The changes that cause large, successful companies to fail are rarely sudden, which is why they are so easy to dismiss and also why they are so disturbing. Like Radio Shack, most companies have many opportunities to adjust their strategies to align with their buyers’ needs. Radio Shack might well have survived had they maintained their focus on their audience of electronics hobbyists and adjusted their strategies accordingly. Instead, they pursued a “me too” strategy that stripped them of their purpose, steadily reducing their unique product offerings to sell mobile phones and consumer gear that could be purchased anywhere. The hobbyists went elsewhere, and in the end, Radio Shack couldn’t serve any buyer better than some other store could.

It’s too late for Radio Shack, but it doesn’t have to be too late for your company. If you’re developing strategies without understanding your customer’s expectations, consider the possibility that you might be missing facts that will be retold in a story like this.

And beware of the online tools that help you build buyer personas without interviewing real buyers. As the people at Radio Shack can attest, it is incredibly dangerous to recycle your internal mis-perceptions into a new template and rely on your own hopes and vision.

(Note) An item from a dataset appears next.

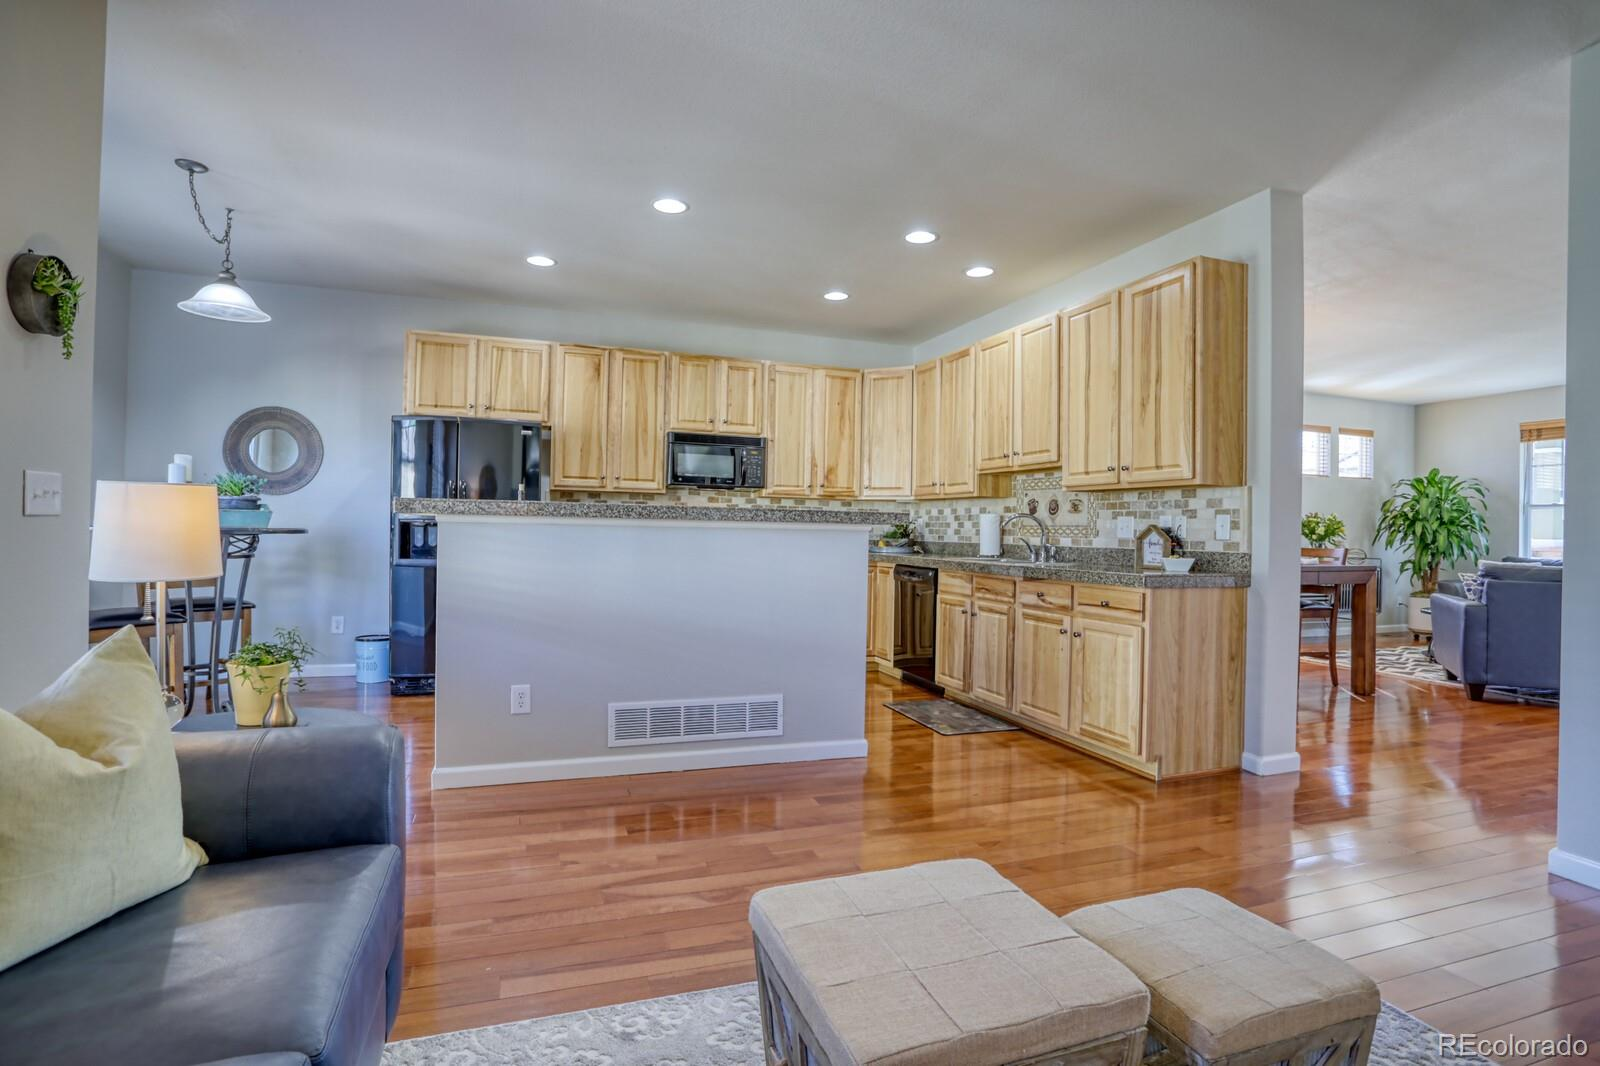 MLS# 8551789 - 11 - 22752 E Briarwood Place, Aurora, CO 80016

P.S. My new book “Buyer Personas: How to Gain Insights into your Customer’s Expectations, Align your Marketing Strategies, and Win More Business” (Wiley) is now shipping.

Comments

  1. Guy Page says:

    The Radio Shack story is one that would fit in comfortably with the other disasters documented in Clayton Christensen’s seminal “Innovator’s Dilemma” — which include DEC. Highly successful companies are highly vulnerable to significant market change. The market for McDonald’s or Starbucks doesn’t change all that much from year to year. The market for DEC, Radio Shack, Winchester, and many tech companies can change dramatically over the course of just a few years. As Christensen documents repeatedly, a company’s success can also be its barrier to effective adaptation to market changes. Radio Shack’s demise may not only have been due to losing focus, but also to the fact that the customers they served so well moved on; moved out of Radio Shack’s area of competence. And like many large and successful tech companies, they were unable to restructure their processes and culture to move with the market.

    • Adele Revella says:

      Thanks for the comment, Guy. I’ve heard about “Innovator’s Dilemma” and just moved it up on my priority reading list.

      You are so right that some companies target buyers who are more likely to “move on” and out of a company’s area of competence. Tech companies are particularly vulnerable. There really isn’t anyone in the company who can gather buying insight in the normal course of business. Sales people only talk to buyers who include the company in their consideration set. Customer service people hear from users about concerns that never factored into their buying decision.

      I am hoping to help companies understand that buyer personas are not about pretty pictures and Powerpoints. We desperately need to evolve the marketing role to be the source of real insight into their target buyers’ expectations and their evolving attitudes about the company’s ability to address them. Radio Shack would have been better served to stick to its goal of serving the core buyer that did want to build stuff, and being the best at filling that need, even if it meant becoming a smaller company than they had envisioned.

      • Visnja says:

        You’re so right, Adele, when you saiy “Radio Shack would have been better served to stick to its goal of serving the core buyer that did want to build stuff” -> RadioShack would have its hands full today with customers who are into 3D printing and Arduinos and the whole maker movement. Imagine 7000 stores catering to this fast-rising new market.